And it just might save public education.

Sometimes I use one-size-fits-all synonymously with standardization, when, in fact, they are entirely different. One-size-fits-all is boring and industrial, but it only becomes standardized when it cannot be modified.  Permit a little freedom to one-size-fits-all and it becomes unique.  It becomes the palate for creativity.

See, I hate vanilla ice cream only when I’m not allowed to add peanut butter and chocolate chips and crushed-up pretzels.  I hate tube socks until the day when my wife says, “Let’s tie-dye these bad boys.” I imagine a Model-T might have felt unique if my ancestors had discovered flame jobs and hydraulics.

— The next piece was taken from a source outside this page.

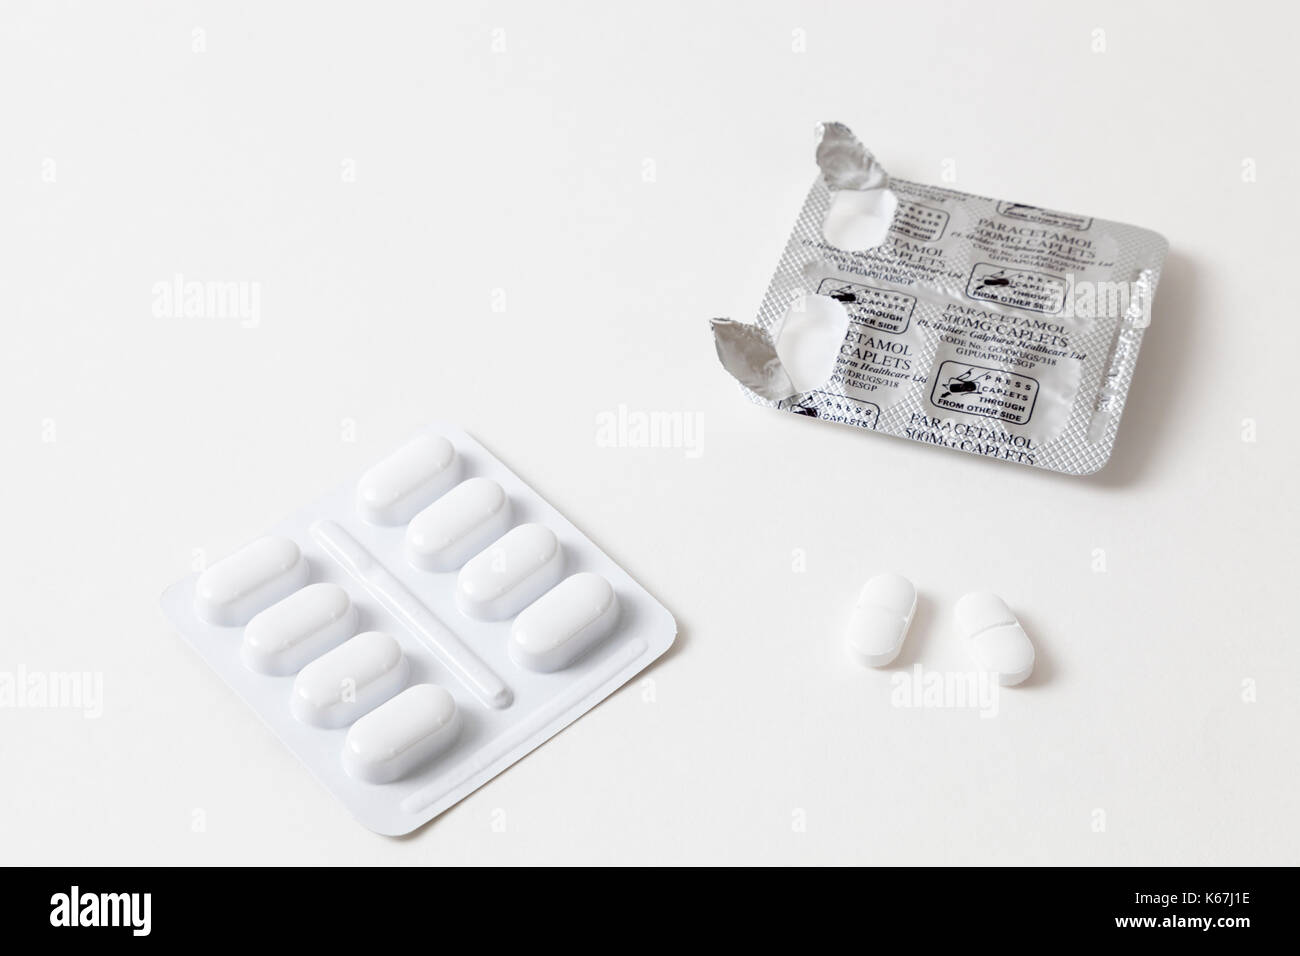 Pain killers: open blister pack of paracetamol pills or tablets with two paracetamol 500 mg caplets removed. Stock Photo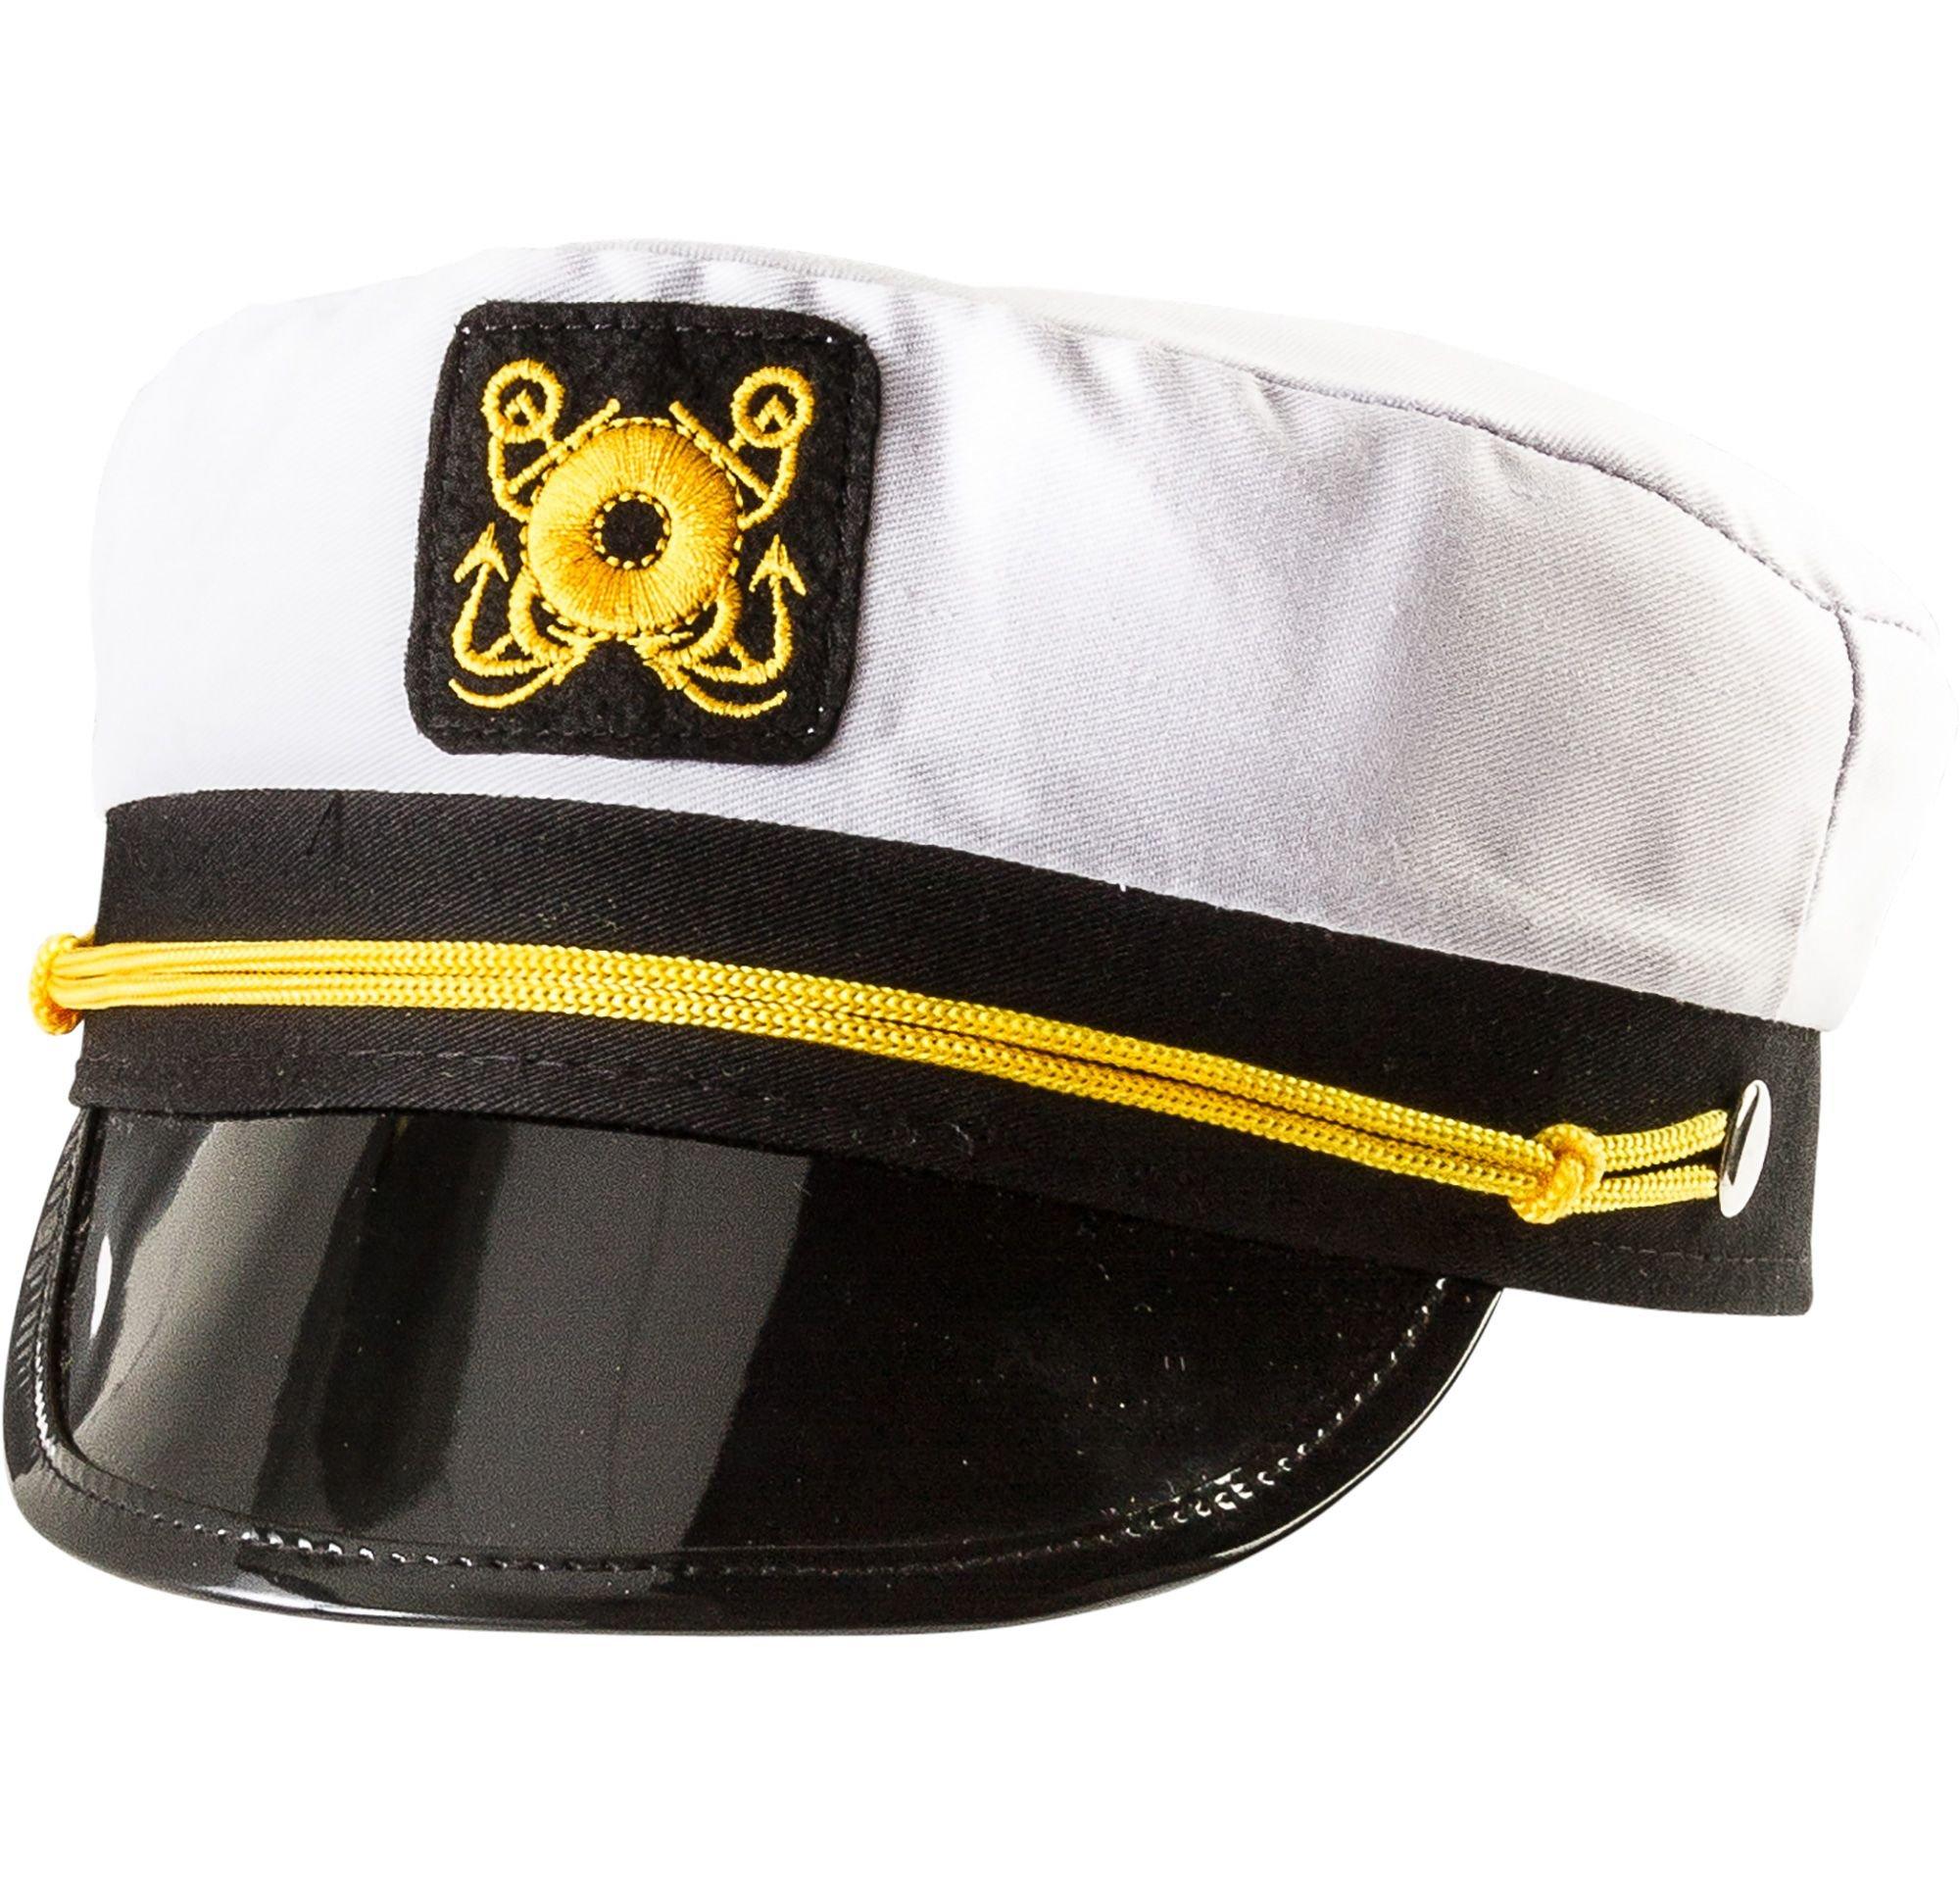 how to make a sailor hat

I understand the desire to burn down the factory altogether, but I’m not sure it’s the answer.  If it’s an absolute rejection of all things industrial, it quickly becomes a new dogma.  We fall into the same mentality that led people to bulldoze the one-room school house and cover a democratic institution with thick industrial concrete.

What if we began with common standards?  Truly common.  Not imposed-by-politician standards.  But something loose.  Something vague enough that we could allow students and teachers and parents to customize and personalize the learning.   What if we asked “what do all children need” and begin with that as the basis of education?  Could we at least agree that kids need creativity, autonomy, unconditional love and critical thinking? Could those be our common core standards?

Could we agree on certain content and strategies as well?  Could we hold a common standard that students need to know how numbers work?  Could we share a sense that all students need some level of phonemic awareness along with a holistic view of language?  Could we decide on some larger guiding principals and build bridges rather than barbed-wire fences?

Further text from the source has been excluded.